#### What the task asks
Exact copies of the lines below, from the one with "AFFIX - Audial" up to and including the one with "Veteran Day Gift", are what this calls for; leave out pictures.

#### Input data

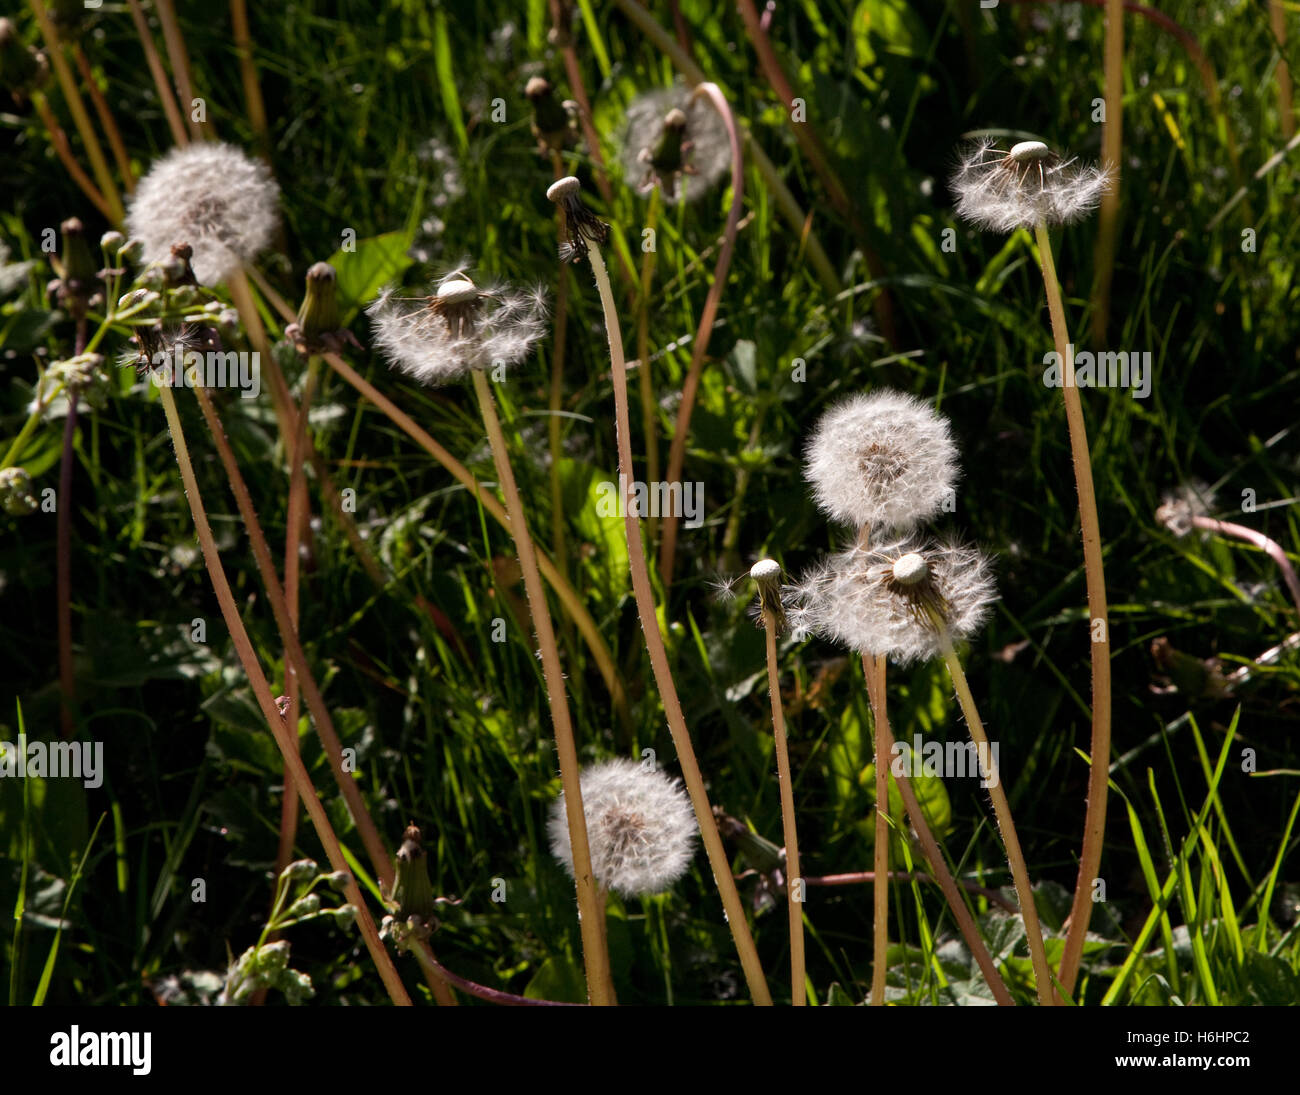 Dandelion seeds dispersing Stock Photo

==

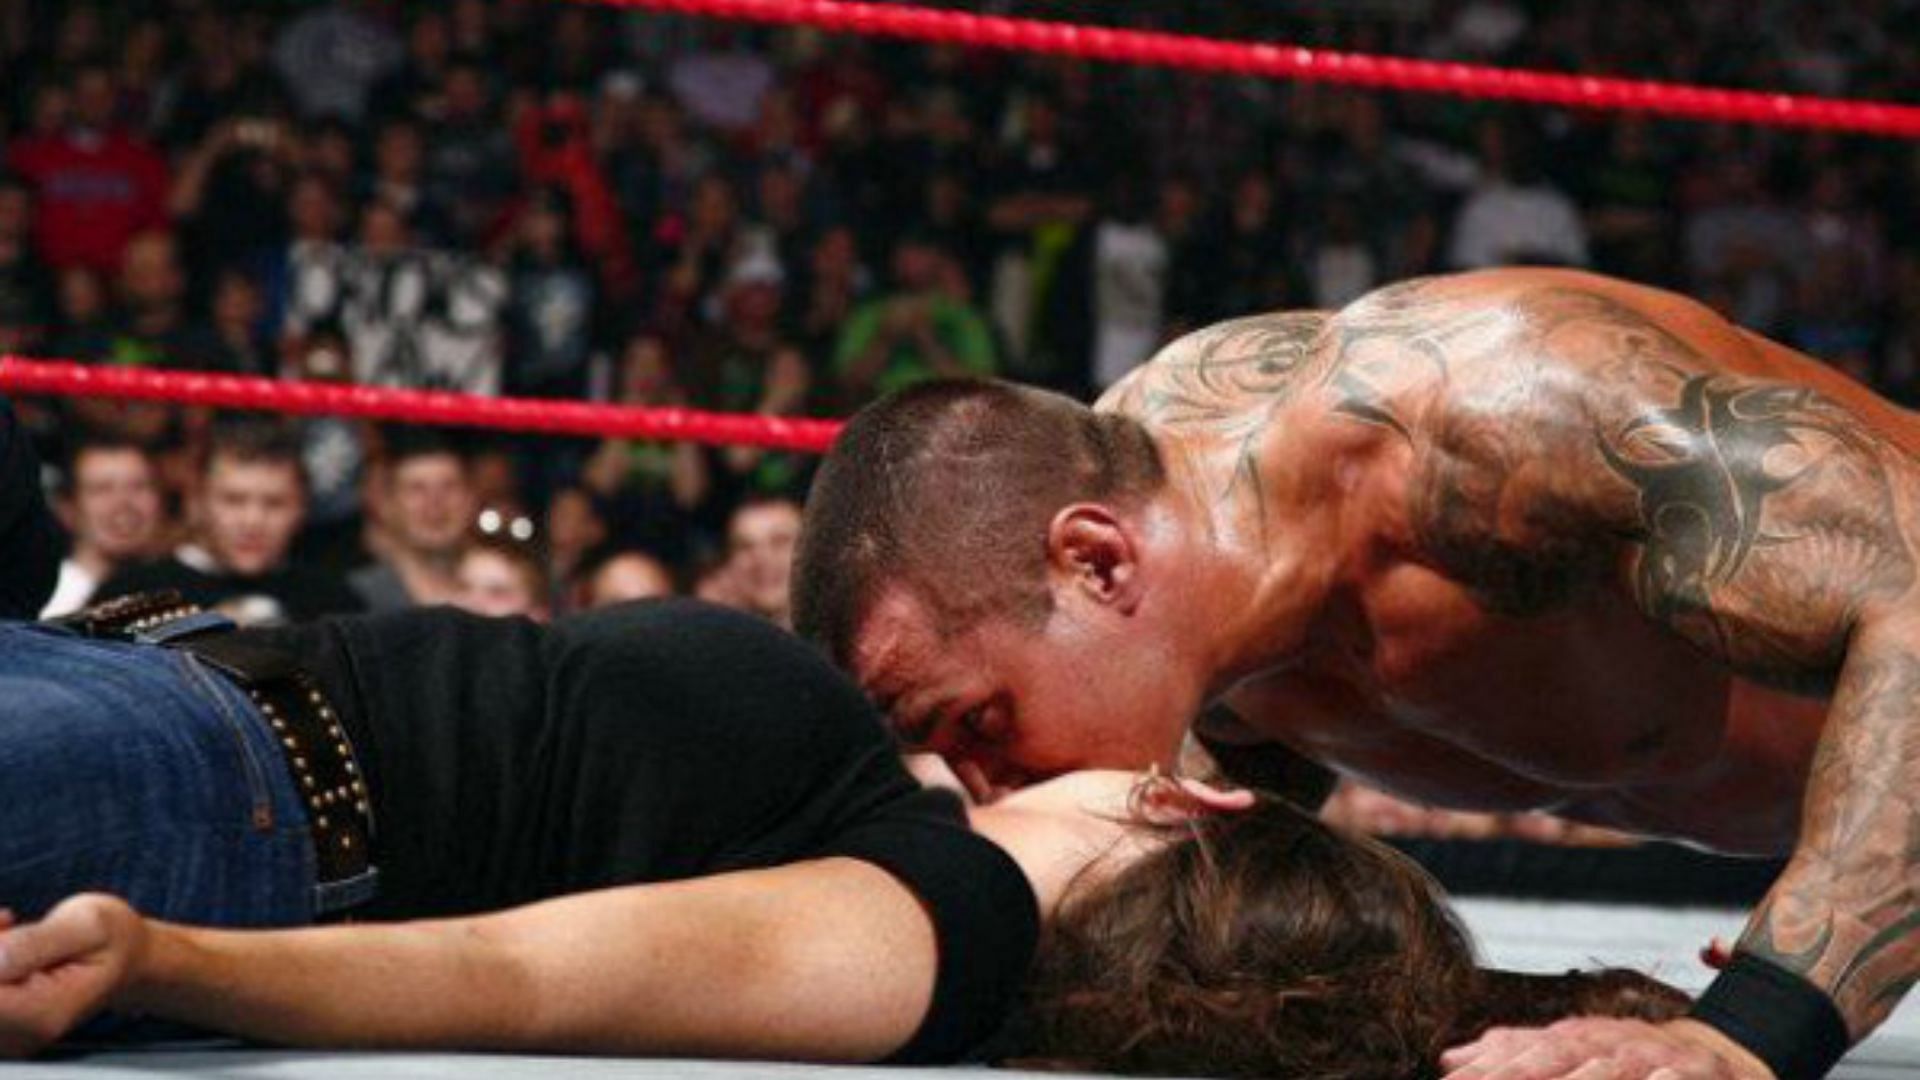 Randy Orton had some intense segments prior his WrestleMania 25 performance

==

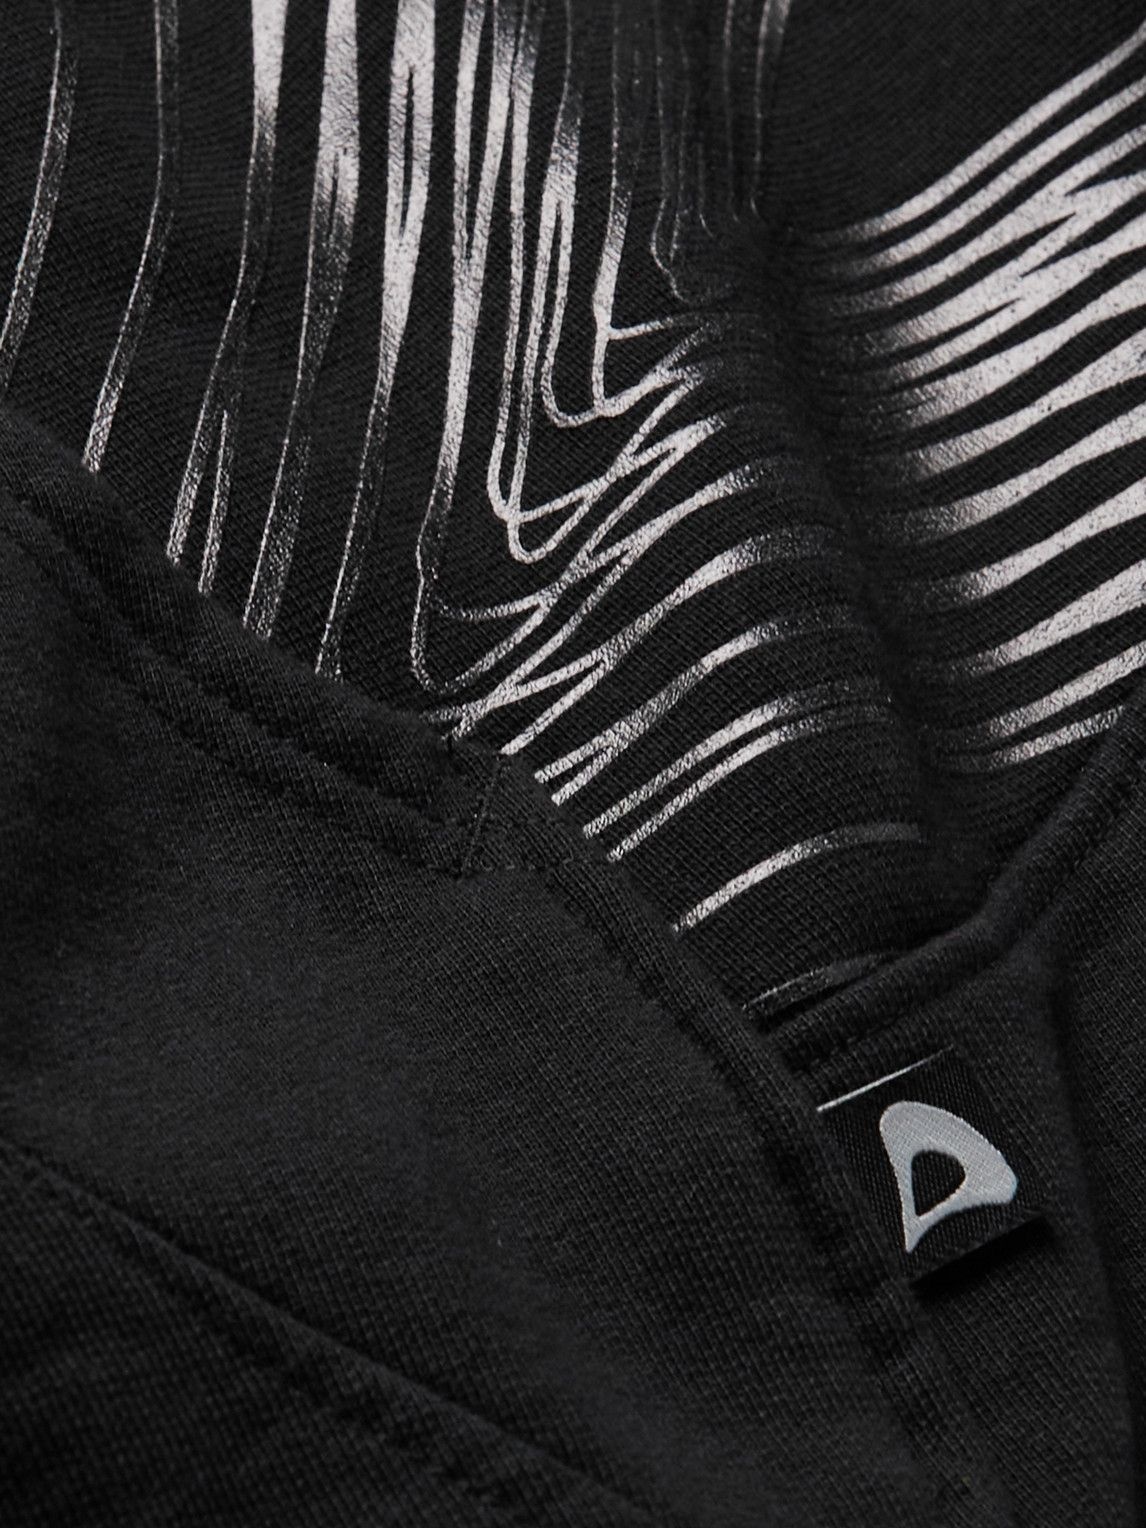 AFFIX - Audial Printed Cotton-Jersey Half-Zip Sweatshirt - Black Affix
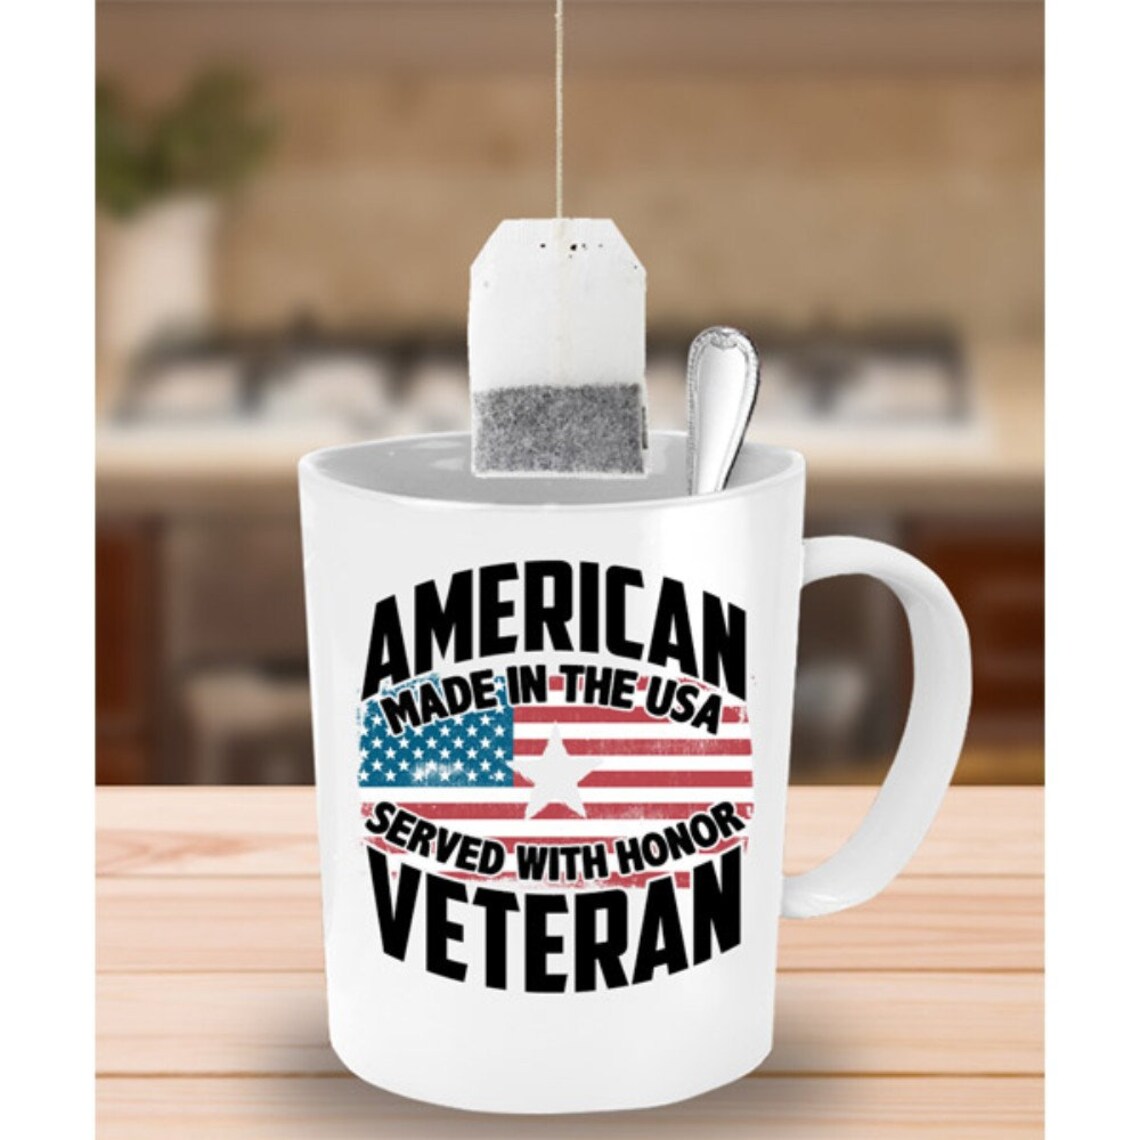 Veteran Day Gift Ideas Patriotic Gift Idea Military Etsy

#### Solution for this exercise
 AFFIX - Audial Printed Cotton-Jersey Half-Zip Sweatshirt - Black Affix
 Veteran Day Gift Ideas Patriotic Gift Idea Military Etsy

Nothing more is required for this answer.